Removing PC viruses manually may take hours and may damage your PC in the process. We recommend using GridinSoft Anti-Malware for virus removal. Allows to complete scan and cure your PC during the trial period.

DOWNLOAD NOW

6-day free trial available.

What Trojan-Downloader.Win32.Agent.xxzuin virus can do?
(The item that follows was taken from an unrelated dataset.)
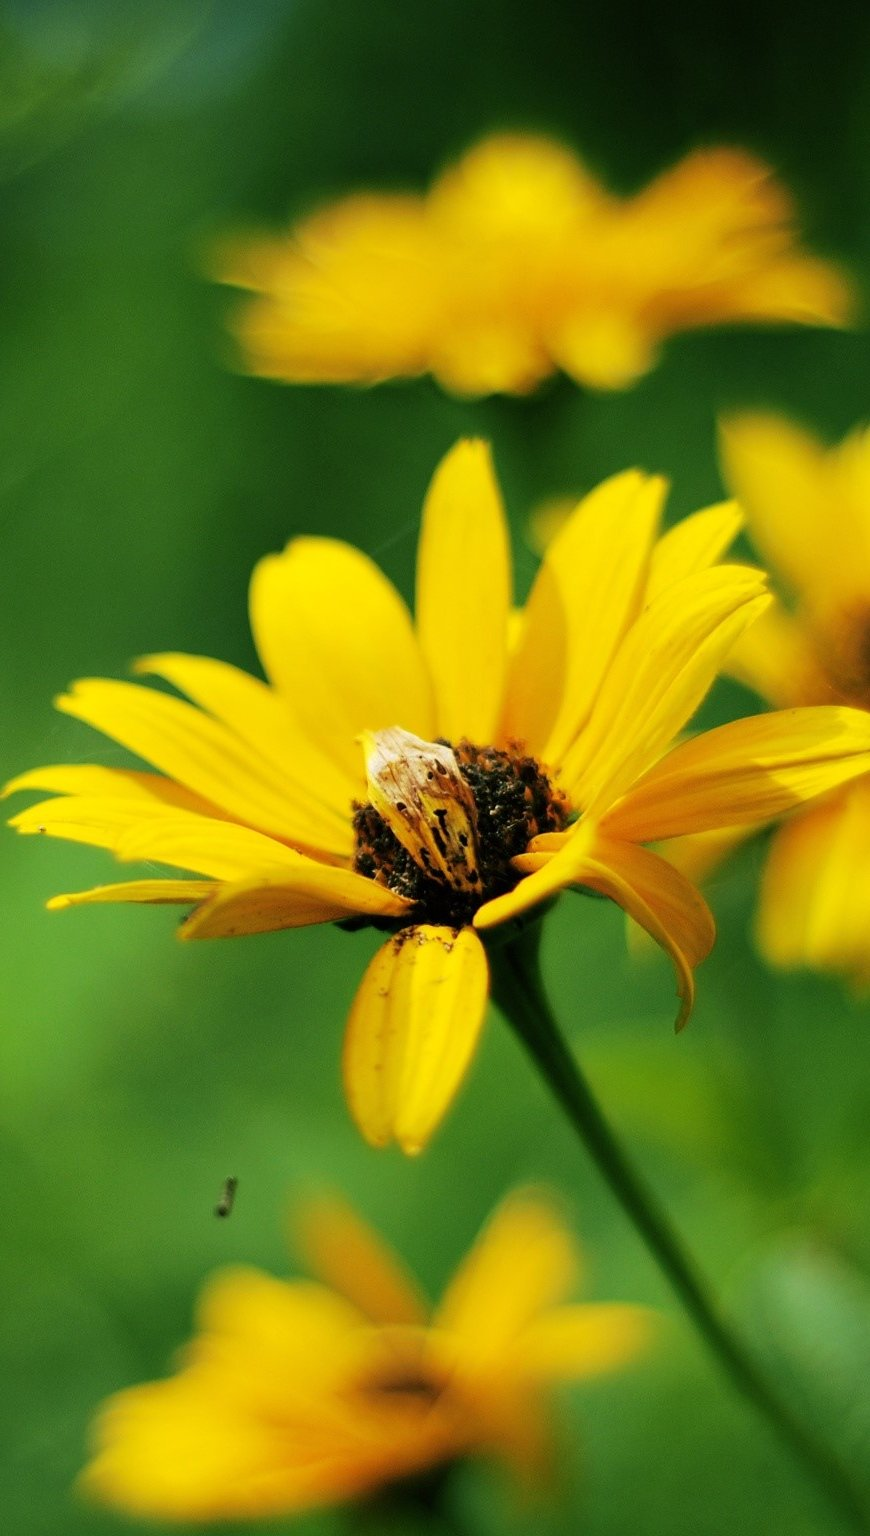 Fondos de pantalla Flores amarillas Vertical

• SetUnhandledExceptionFilter detected (possible anti-debug)
• Attempts to connect to a dead IP:Port (1 unique times)
• Scheduled file move on reboot detected
• Executed a command line with /C or /R argument to terminate command shell on completion which can be used to hide execution
• Yara rule detections observed from a process memory dump/dropped files/CAPE
• Possible date expiration check, exits too soon after checking local time
• Creates RWX memory
• Guard pages use detected – possible anti-debugging.
• Dynamic (imported) function loading detected
• CAPE extracted potentially suspicious content
• The binary contains an unknown PE section name indicative of packing
• The binary likely contains encrypted or compressed data.
• The executable is compressed using UPX
• Authenticode signature is invalid
• A scripting utility was executed
• Uses Windows utilities for basic functionality
• Attempts to remove evidence of file being downloaded from the Internet
• Deletes its original binary from disk
• Collects and encrypts information about the computer likely to send to C2 server
• Installs itself for autorun at Windows startup
• Creates a hidden or system file
• Attempts to modify Windows Defender using PowerShell

Related domains:

How to determine Trojan-Downloader.Win32.Agent.xxzuin?

File Info:
name: 66EB53B404B7E18D5EB6.mlw
path: /opt/CAPEv2/storage/binaries/ba154c21d0f1585de8f6389fc1bffad5c6b30edf9492e460002536f1c32e0f68
crc32: E7EE41B3
md5: 66eb53b404b7e18d5eb642eb3dcf82e3
sha1: 65436f5de6d39df0cfd48f258493a2d2a3162923
sha256: ba154c21d0f1585de8f6389fc1bffad5c6b30edf9492e460002536f1c32e0f68
sha512: 6e6ea5411df557a69b8ac28684d546428aef27426527438c97fde8d5d626ff9f65b2f508dad36e0f4fb212b7f87fe0b54eb56c1058ae04454bab3b3e2e4960eb
ssdeep: 49152:ACwvzxjqCsgDPGVQy/XzfZ6XT78Ch9C0JeZPLAcD84/:c1qCDDuVX/XzfZ6XEChzJeW0
type: PE32+ executable (GUI) x86-64, for MS Windows
tlsh: T1048533E6B3536BABF2A4D6FC3963148177B1F076814A894DB301CB43C2A75C90A71F66
sha3_384: 65b10acae82f964b111bd02ff624b2b66cfb40e6a422036aead9d19d9f2c31dd6c746fedebf2f76934f53c1ed3957ed4
ep_bytes: 53565755488d353a4ee4ff488dbedb9f
timestamp: 1970-01-01 00:00:00

Version Info:
0: [No Data]

Trojan-Downloader.Win32.Agent.xxzuin also known as:

How to remove Trojan-Downloader.Win32.Agent.xxzuin?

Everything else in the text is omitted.